WARNING: Device "/dev/null" is not available for reading and writing.  

WARNING: Device "/dev/urandom" is not available for reading.

Why ?

(2) By Richard Hipp (drh) on 2019-07-26 14:16:07 in reply to 1 [link] [source]

SQLite wants access to /dev/urandom in order to seed its internal PRNG. The backoffice wants to open standard input and standard output on /dev/null to prevent problems.

Neither of these are absolutely required. But they do help things to run better and more securely.

(3) By Warren Young (wyoung) on 2019-07-26 18:23:24 in reply to 1 [source]

This is usually a symptom of having run Fossil as root, in which case it enters a chroot(2) jail shortly after startup. (That's documented here.)

You can either:

  1. Use mknod(8) to provide those dev nodes inside the jail.

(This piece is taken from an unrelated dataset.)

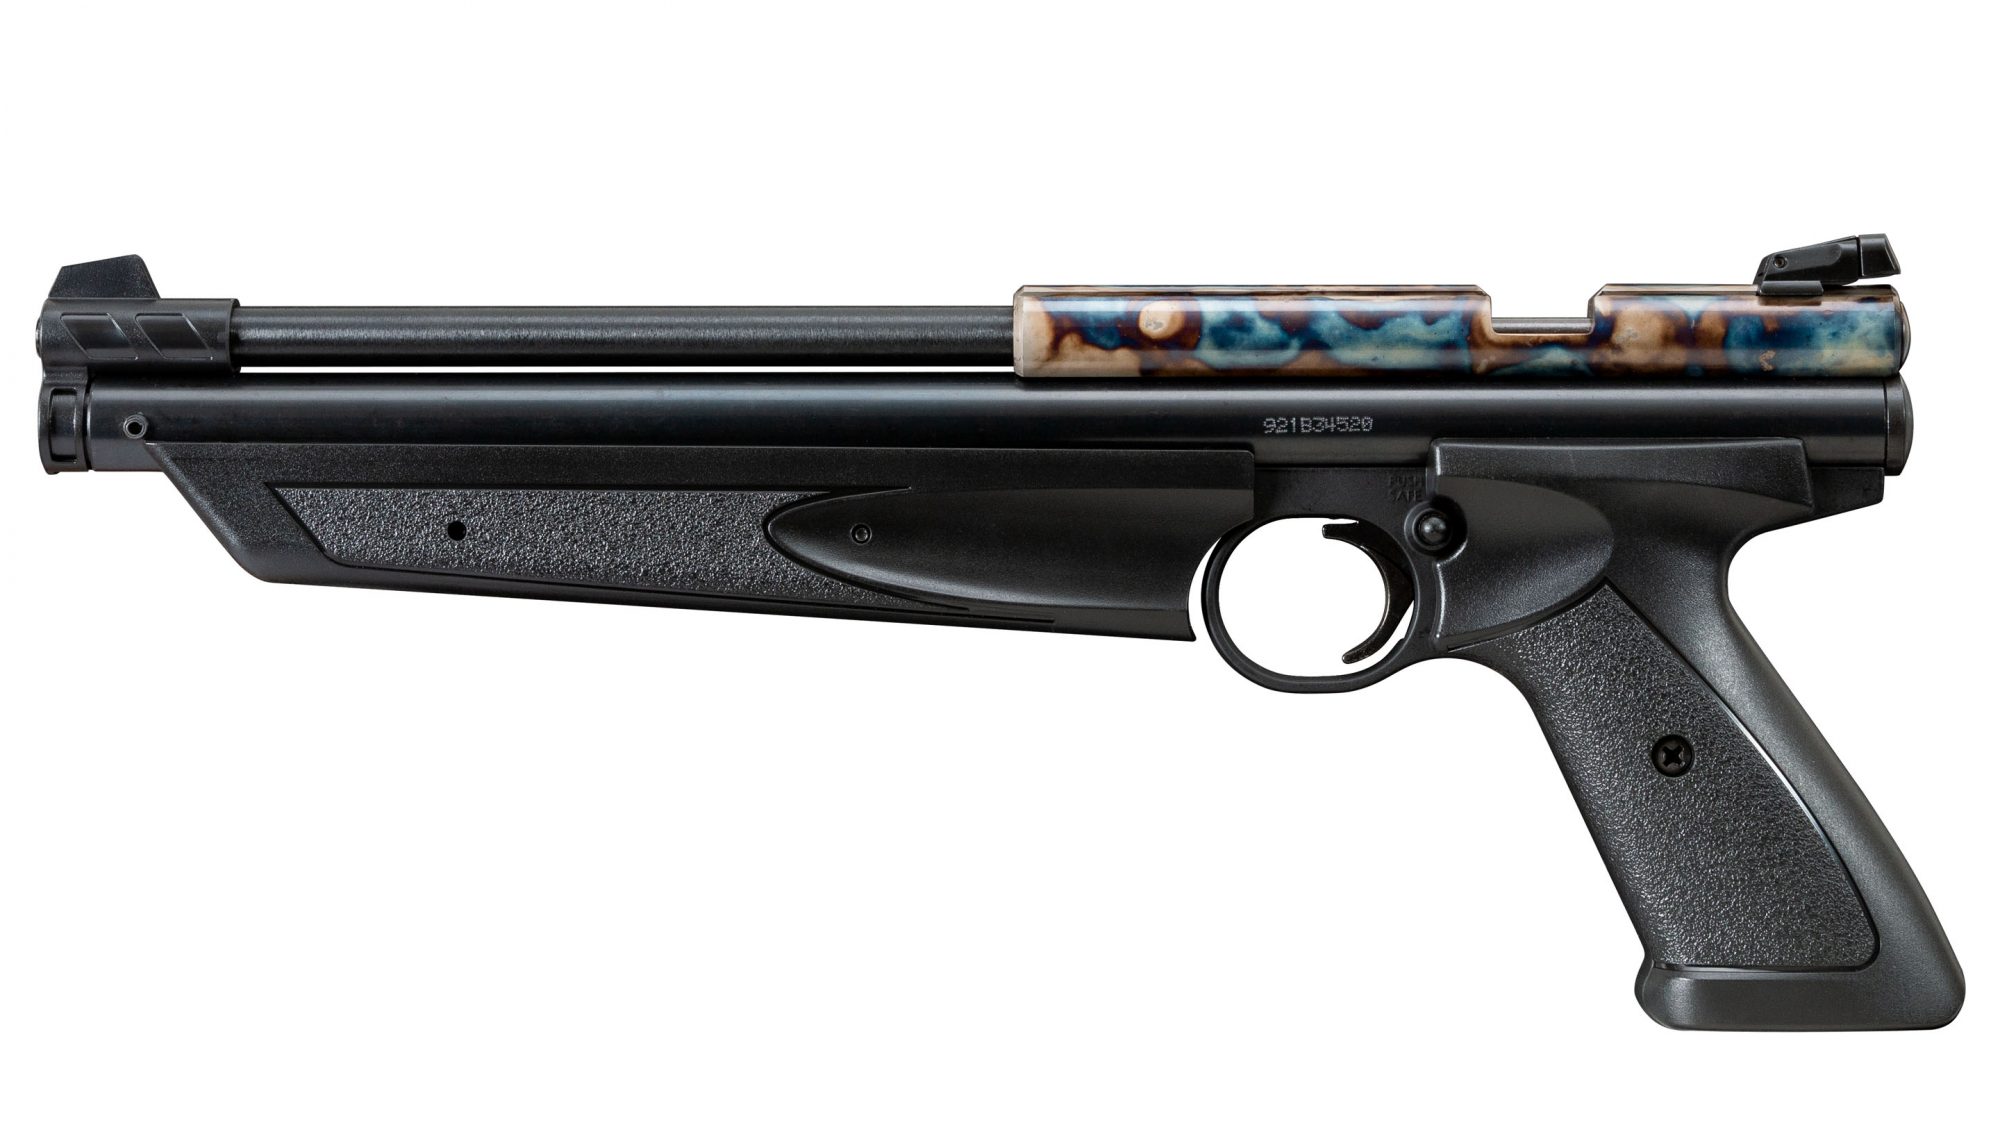 Photo of a color case hardened Crosman American Classic .22 air pistol, featuring bone charcoal color case hardening by Turnbull Restoration of Bloomfield, NY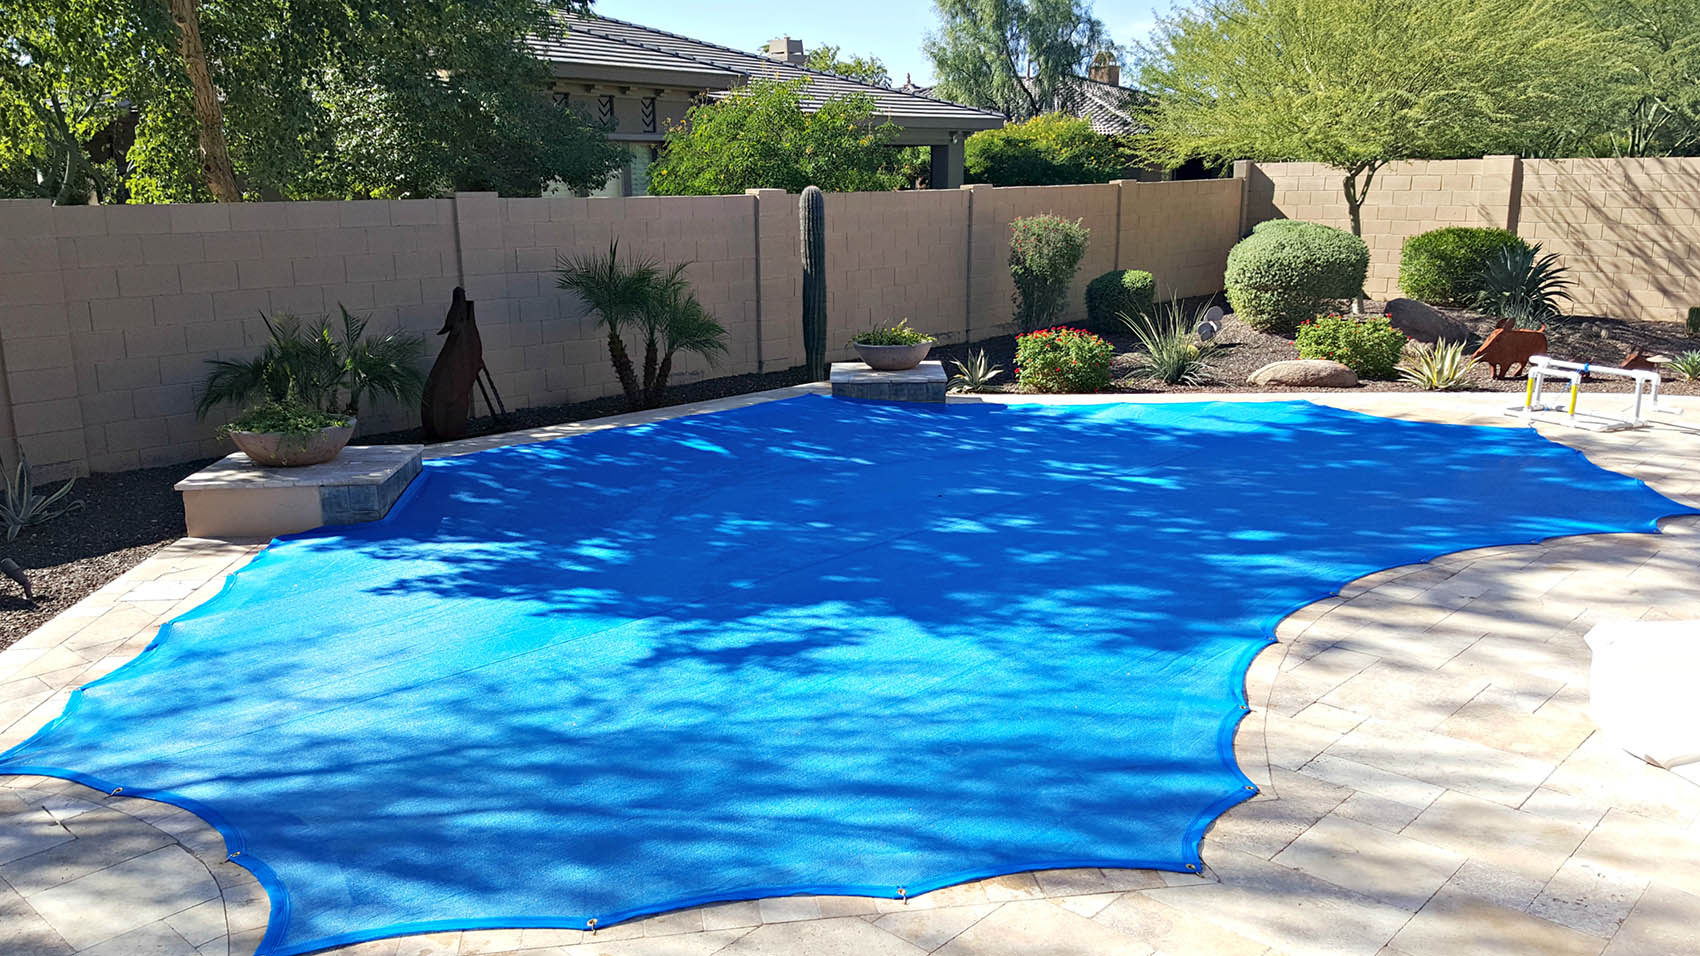 Pool Cover Fittings, Pool Safety Products & Installation

    (There may be other things you need to provide inside the jail as well, but since I don't do this on my own servers, I can't come up with a list off the top of my head. It should probably be a section on the above-linked doc page.)

  2. Don't run fossil server as root.

    If the reason you're doing that is so you can bind to a low-numbered TCP port, I'd recommend binding Fossil to a high-numbered static port instead. For LAN-only Fossil servers, I use 3691, being the old svnserve port number + 1. (I'm a Subversion refugee.) For Internet-facing servers, I use a semi-random port number and the --localhost flag then put an HTTPS proxy in front of it to export that to the big bad world. The above doc has some ideas for this, including a link to my complicated and powerful nginx configuration. This not only solves the "port 80" problem, it properly secures the login process, prevents MITM attacks, and more.